Is it illegal to lie to Congress as Clapper did? Is unreasonable search and seizure part of the USA's constitution? Presumably Obama will be doing all in his power to enforce the law regarding Clapper and the rest. Oh? He isn't? What a puzzle. So it's only laws which suit him politically which should be enforced.

The USA can easily say "We have decided that a presidential pardon is in order for Edward". Or, they can simply not bother with enforcing the laws which they imagine [apparently falsely] that Edward has broken. Just as they don't enforce untold billions of other suspected breaches of the law.

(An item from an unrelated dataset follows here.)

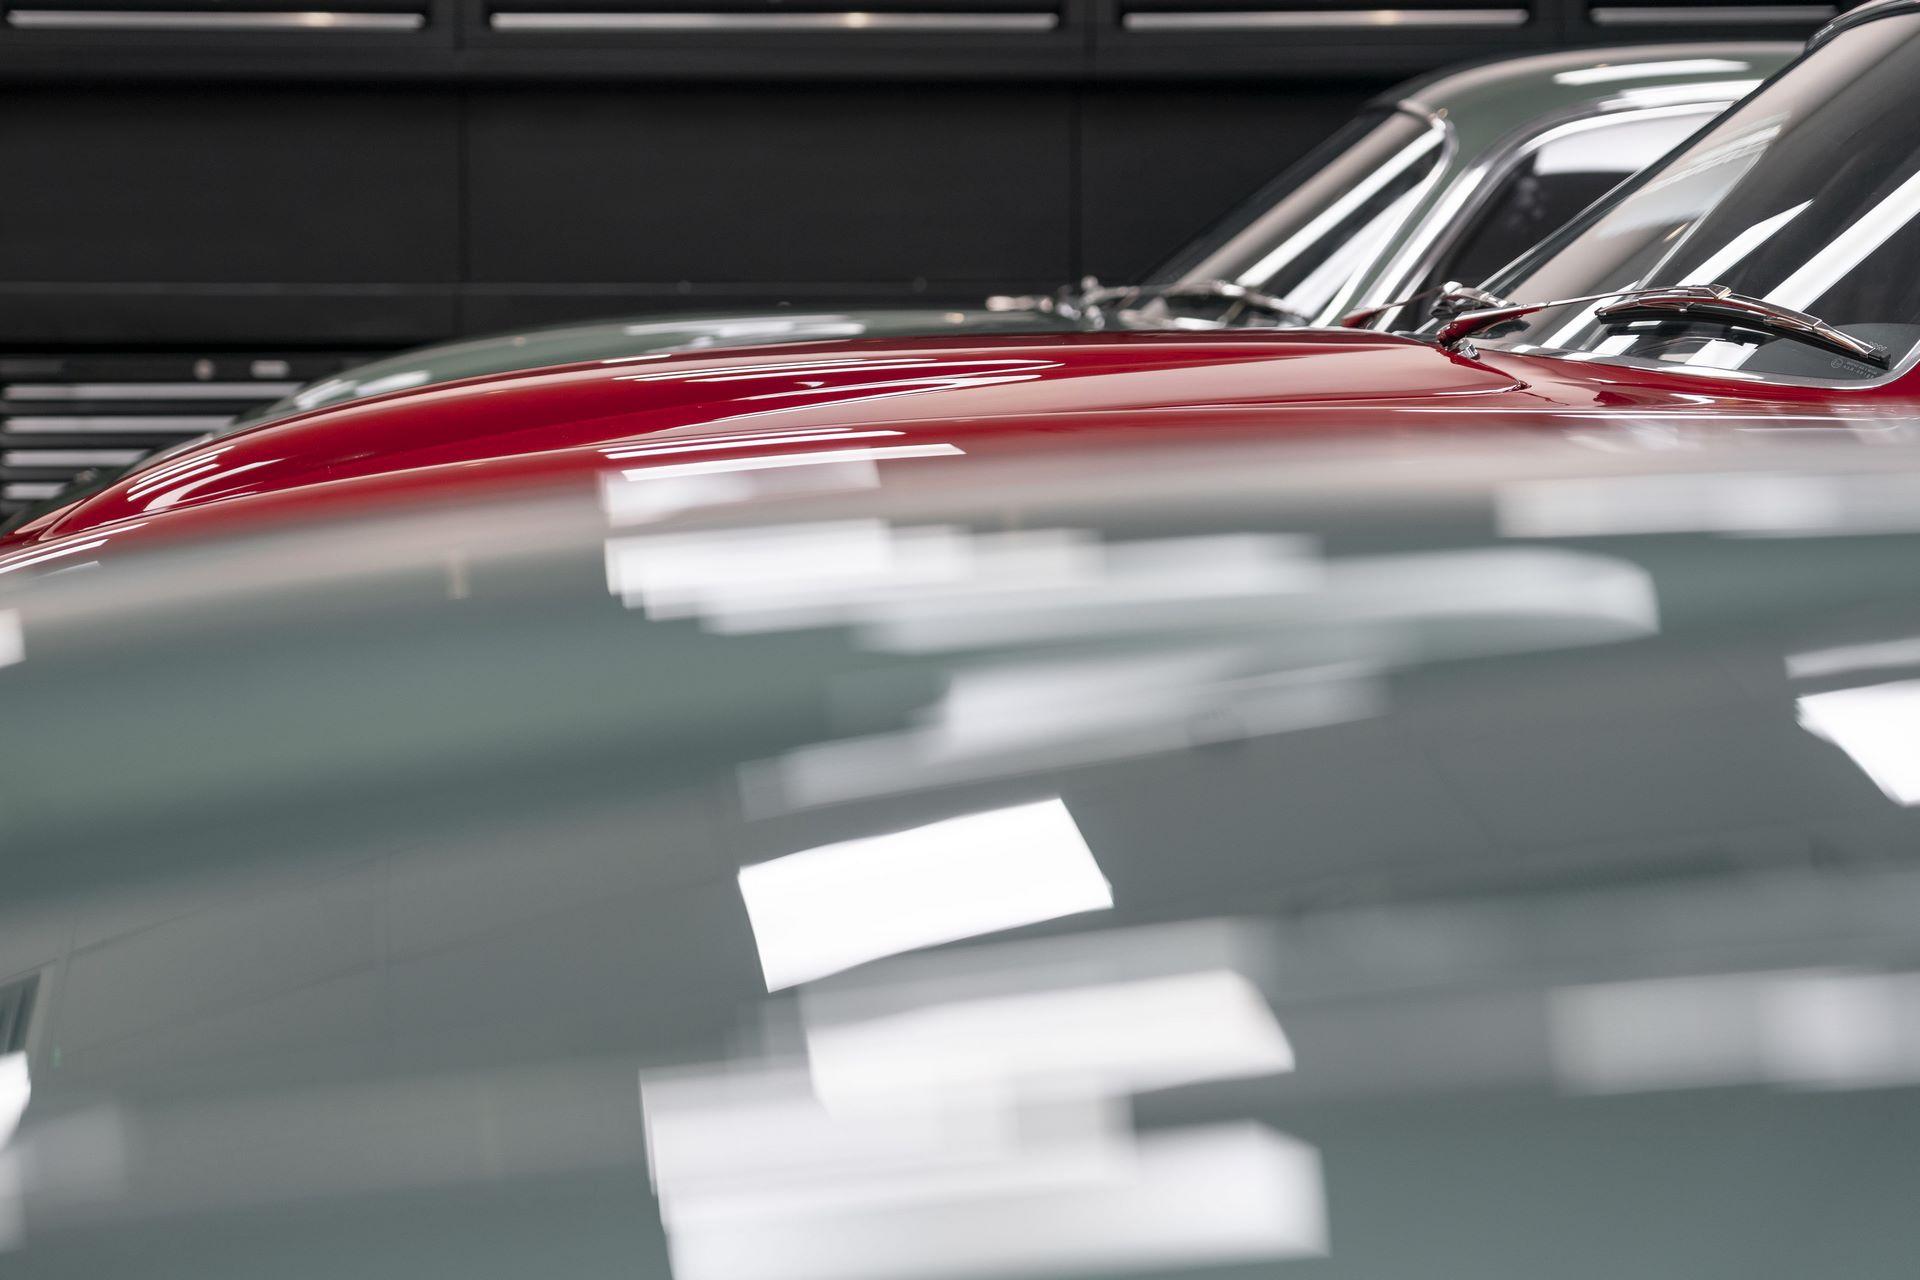 Aston-Martin-DB4-GT-Zagato-Continuation-first-delivery-5
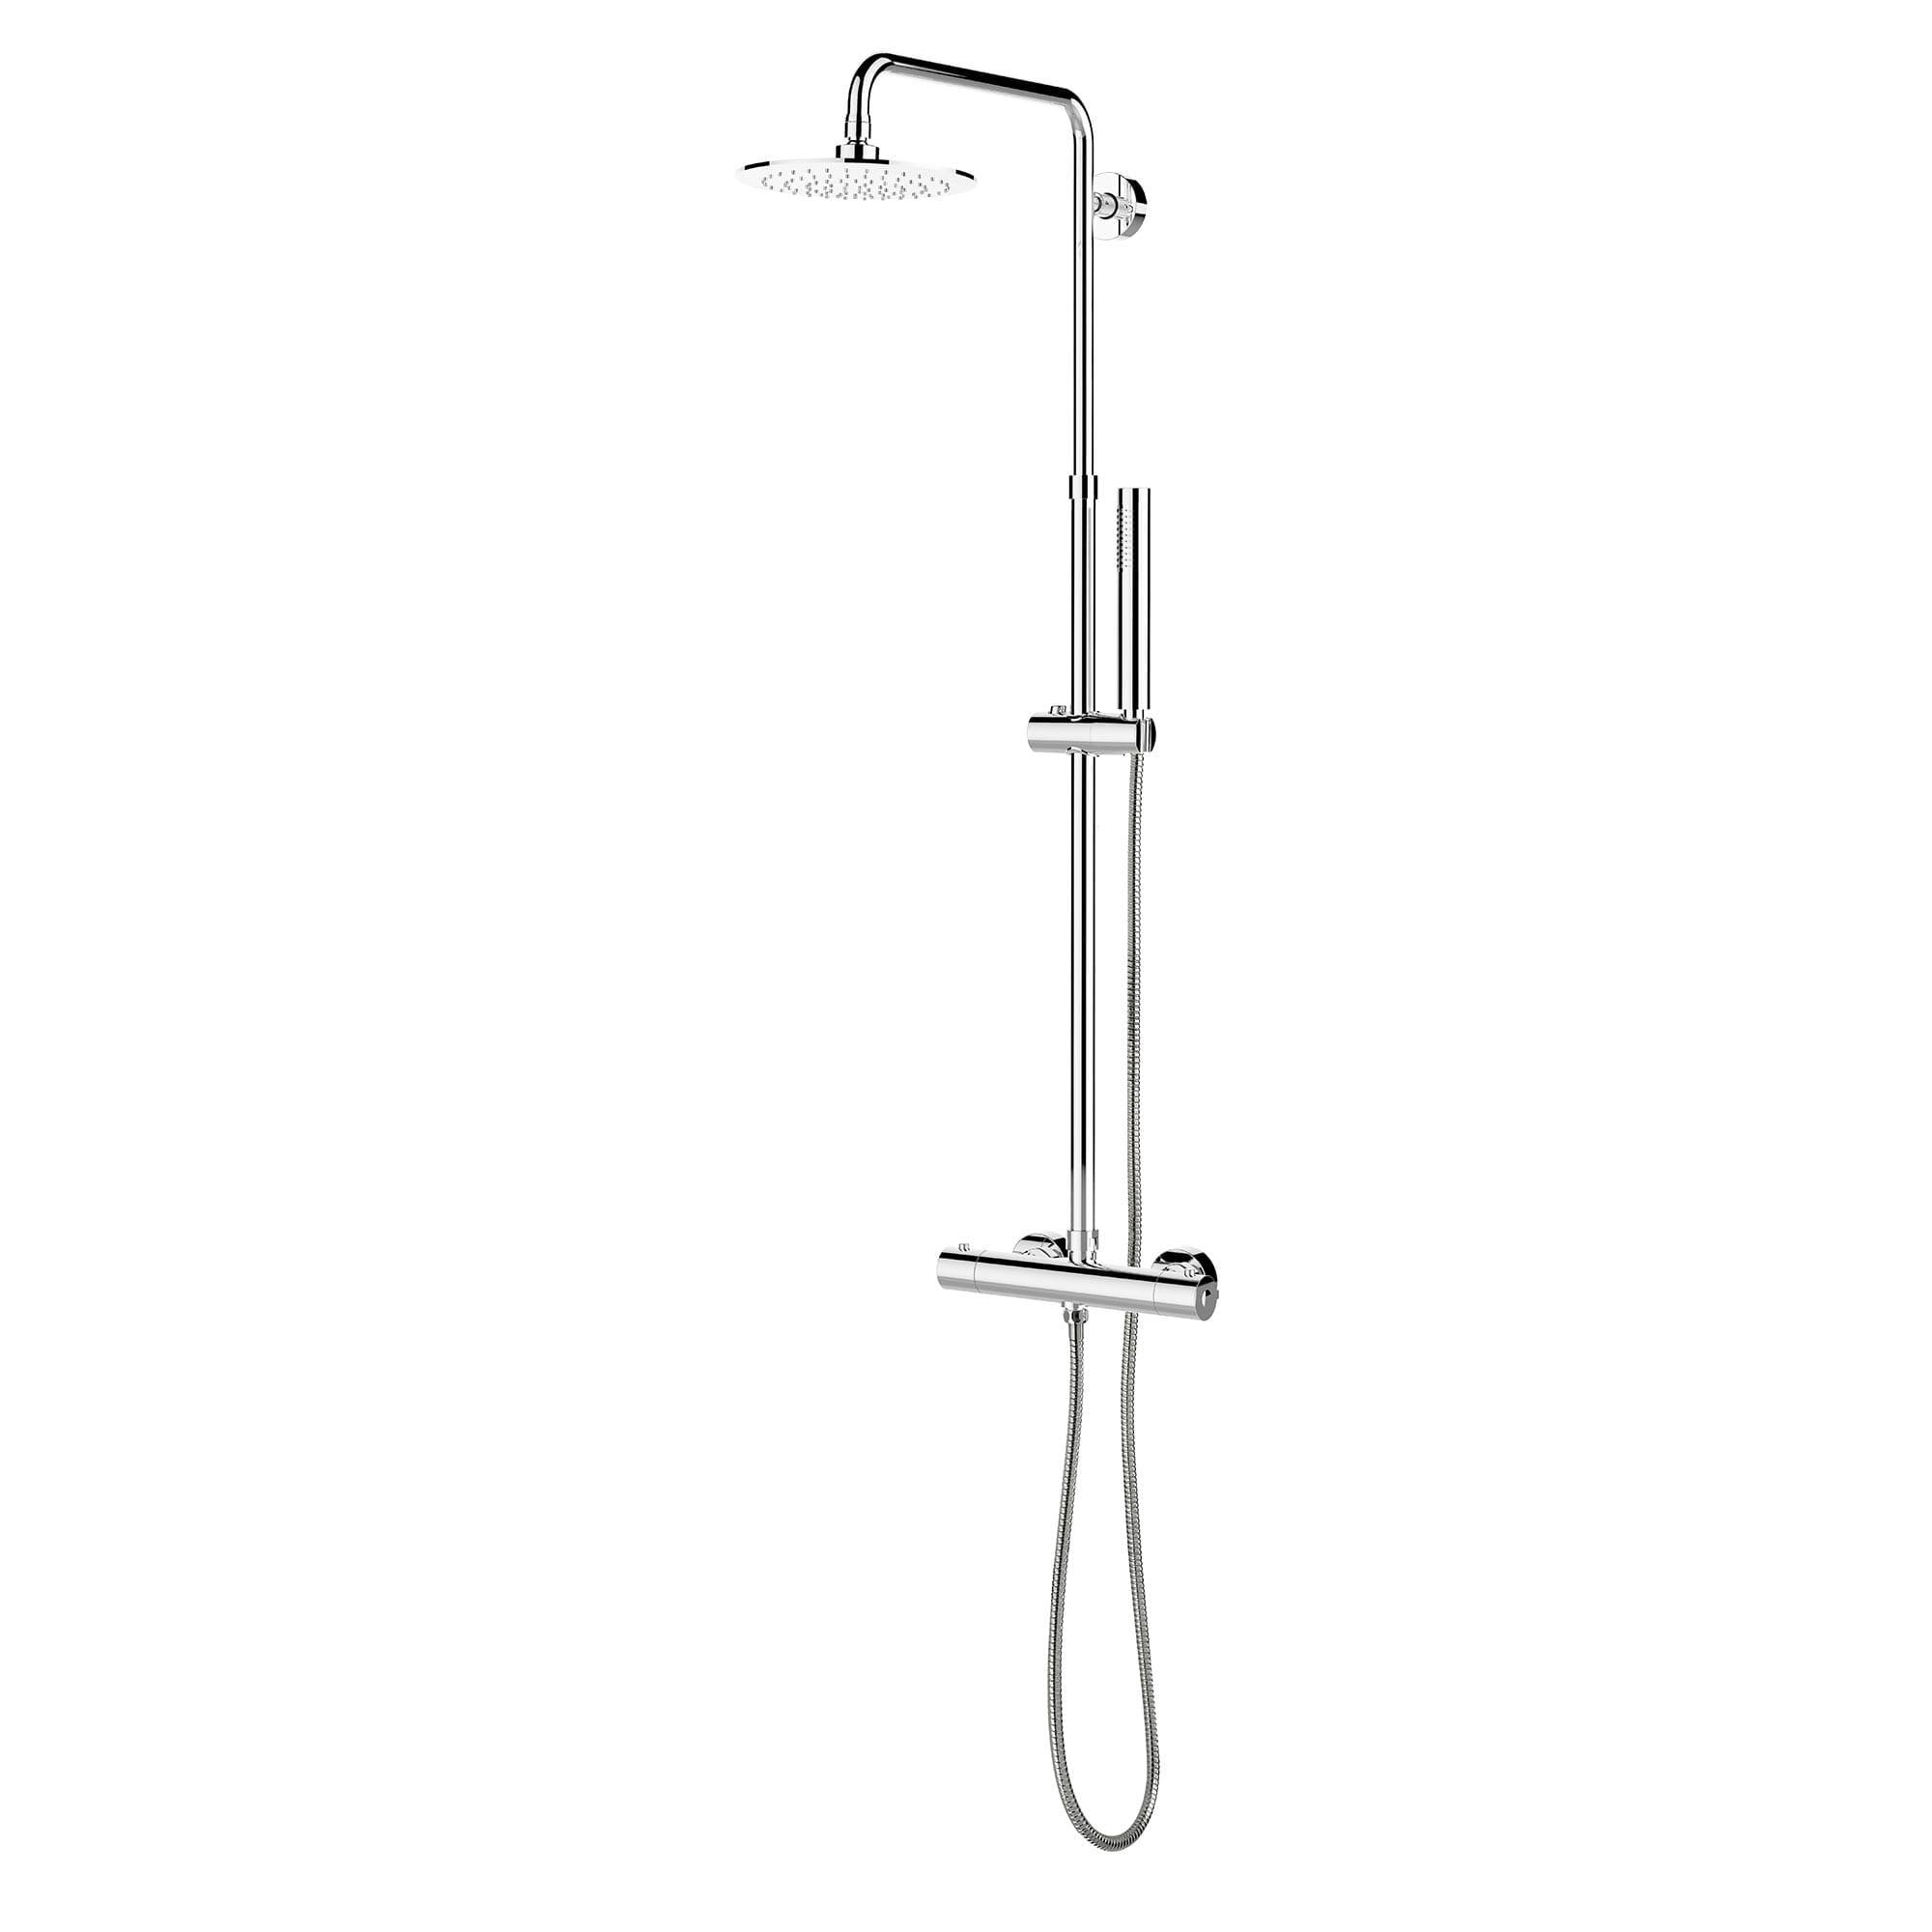 kit robinet pour douche mod le complet avec valve thermostatique d viatrice et ensemble de. Black Bedroom Furniture Sets. Home Design Ideas

Lewis "Scooter" Libby for example,http://en.wikipedia.org/wiki/List_of_people_pardoned_or_granted_clemency_by_the_President_of_the_United_States If Obama could pardon him, it is obviously no problem to do the same for an actual decent person instead of a criminal [Scooter] whose disclosure was deliberate for personal political gain along with "Dick" Cheney. Dick the criminal calling Edward a bad guy is hilarious.

Mqurice



To: Haim R. Branisteanu who wrote (101564)6/25/2013 7:02:06 PM
From: TobagoJack  Respond to of 220294
 
bloomberg.com must be hacked and henceforth put on security watch list per enemy-within protocol



To: Haim R. Branisteanu who wrote (101564)6/25/2013 7:05:56 PM
From: Box-By-The-Riviera™  Respond to of 220294
 
sure.

and bloomberg was hacking its own accounts to see who was trading what, so they could generate news flow.

right.

and the majority owner is out there running the largest city in the united states all the way down to the size of a soda and where, if there's anywhere, people who freely choose to engage in 2000 years of tabbacco can.

fuck that and fuck bloomberg and fuck the mayor of new york.